Photo d'illustration d'immeubles à Paris. — XAVIER VILA/SIPA

Le plafonnement des loyers un temps expérimenté à Paris et Lille, avant d’être annulé par la justice administrative, revient lundi après l’adoption de la loi Elan avec quelques modifications, mais ne s’appliquera pour l’heure que dans la capitale.

Quels logements concernés ?

Les barèmes se font après analyse des secteurs, par année de construction, nombre de pièces, et sont actualisés tous les ans.

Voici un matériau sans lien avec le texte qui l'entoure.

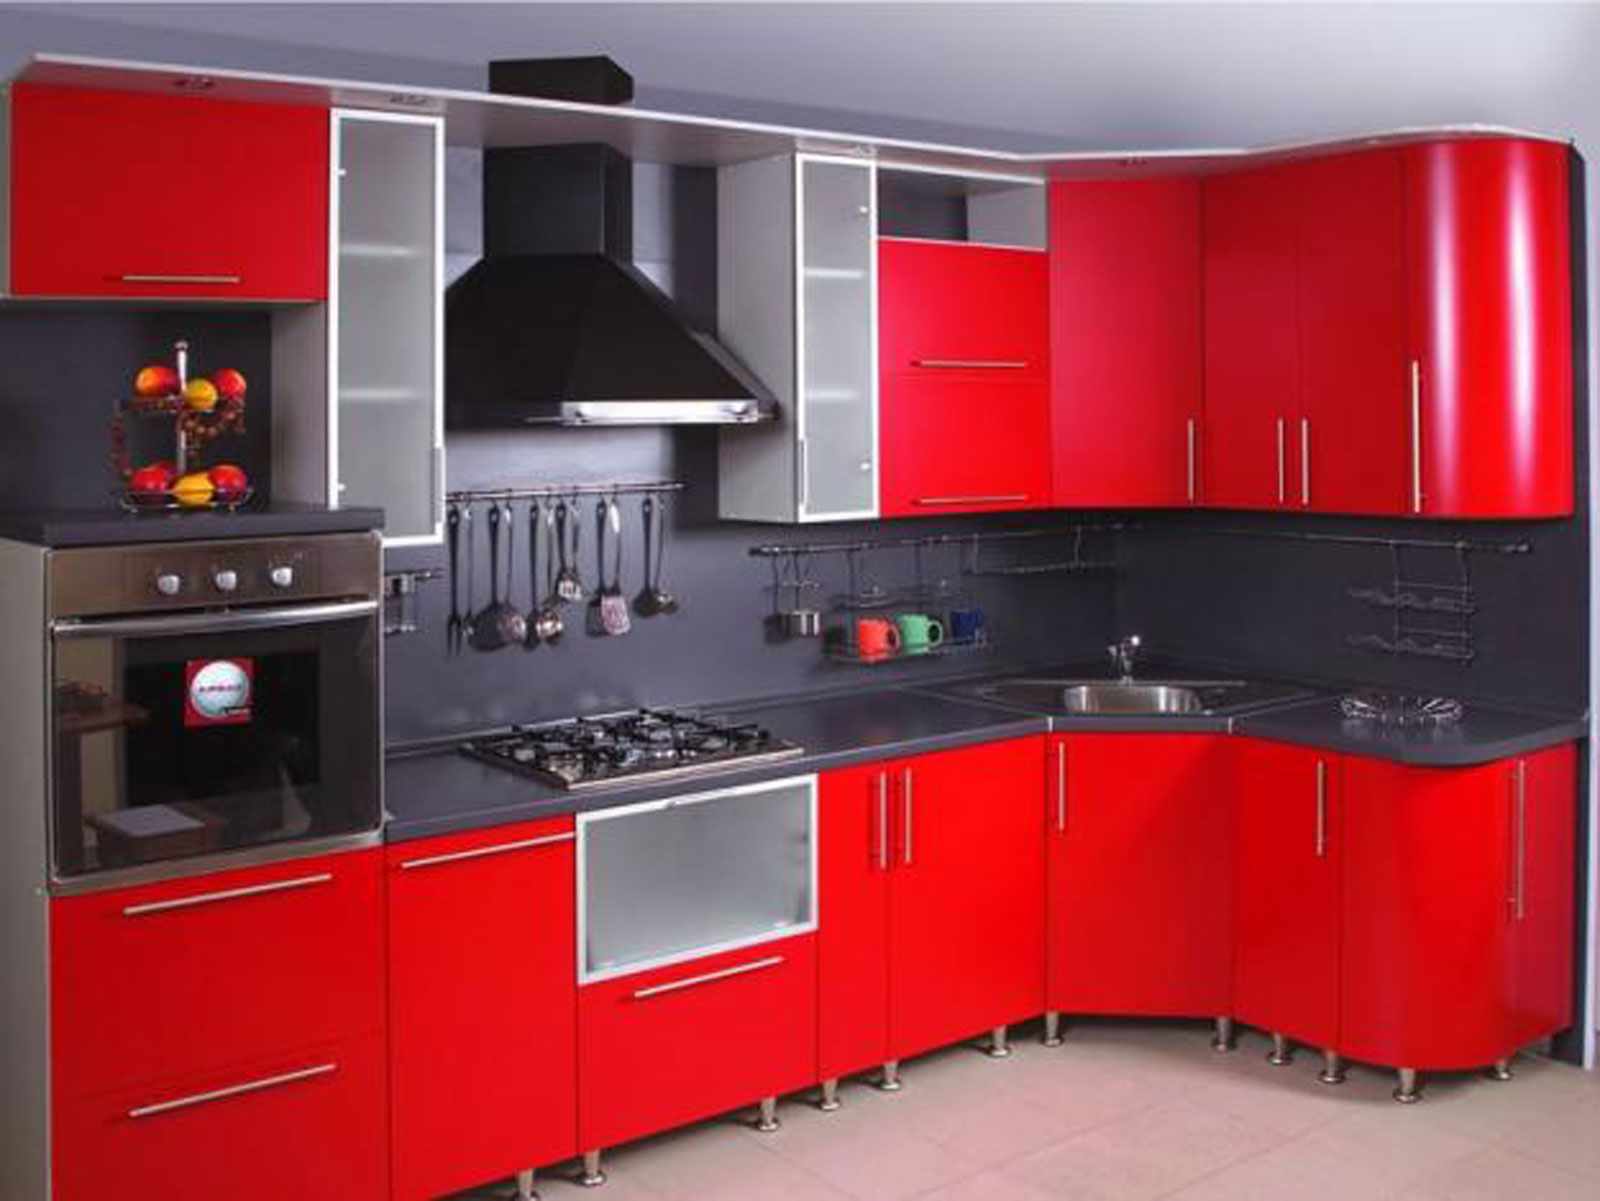 แนวคิดของครัวสีแดงสว่างภายใน

Et pour chaque catégorie ainsi créée, le loyer appliqué sera jugé excessif s’il dépasse de +20 % le loyer de référence.

Un propriétaire peut toutefois appliquer un « complément de loyer » pour des logements exceptionnels, une maison à Paris par exemple.

Le plafonnement des loyers ne s’applique que pour les nouveaux baux (qui concernent environ 80.000 personnes chaque année à Paris, sur une population qui en compte 2,2 millions), voire lors de renouvellement du bail si le propriétaire accepte que soit signé un nouveau contrat.

Qu’encourent les contrevenants ?

« Ce qui change avec la nouvelle loi Elan, c’est la possibilité de sanctionner les propriétaires qui ne respectent pas l’encadrement des loyers », souligne la directrice de l’Observatoire des loyers, Geneviève Prandi.

Lorsqu’il est reconnu que le propriétaire n’a pas respecté la mesure, il est d’abord mis en demeure, avec un délai de 2 mois pour se mettre en conformité. A défaut, le préfet lui inflige une amende administrative de 5.000 euros pour une personne physique, 15.000 euros pour une personne morale.

En outre, le préfet de région peut demander au propriétaire de reverser le trop perçu au locataire.

Comment faire ?

Une commune ne peut pas demander seule le plafonnement des loyers. C’est au regroupement de communes concernées (en Etablissement public de coopération intercommunale -EPCI- ou Etablissement public territorial -EPT-) de faire un dossier « assez lourd » de l’avis des professionnels.

Doivent notamment être définies des zones communes entre les différentes villes concernées, avant que la demande soit adressée au ministère du Logement.

Pour y prétendre, il faut que le niveau des loyers soit sensiblement au-dessus de celui appliqué dans le parc social.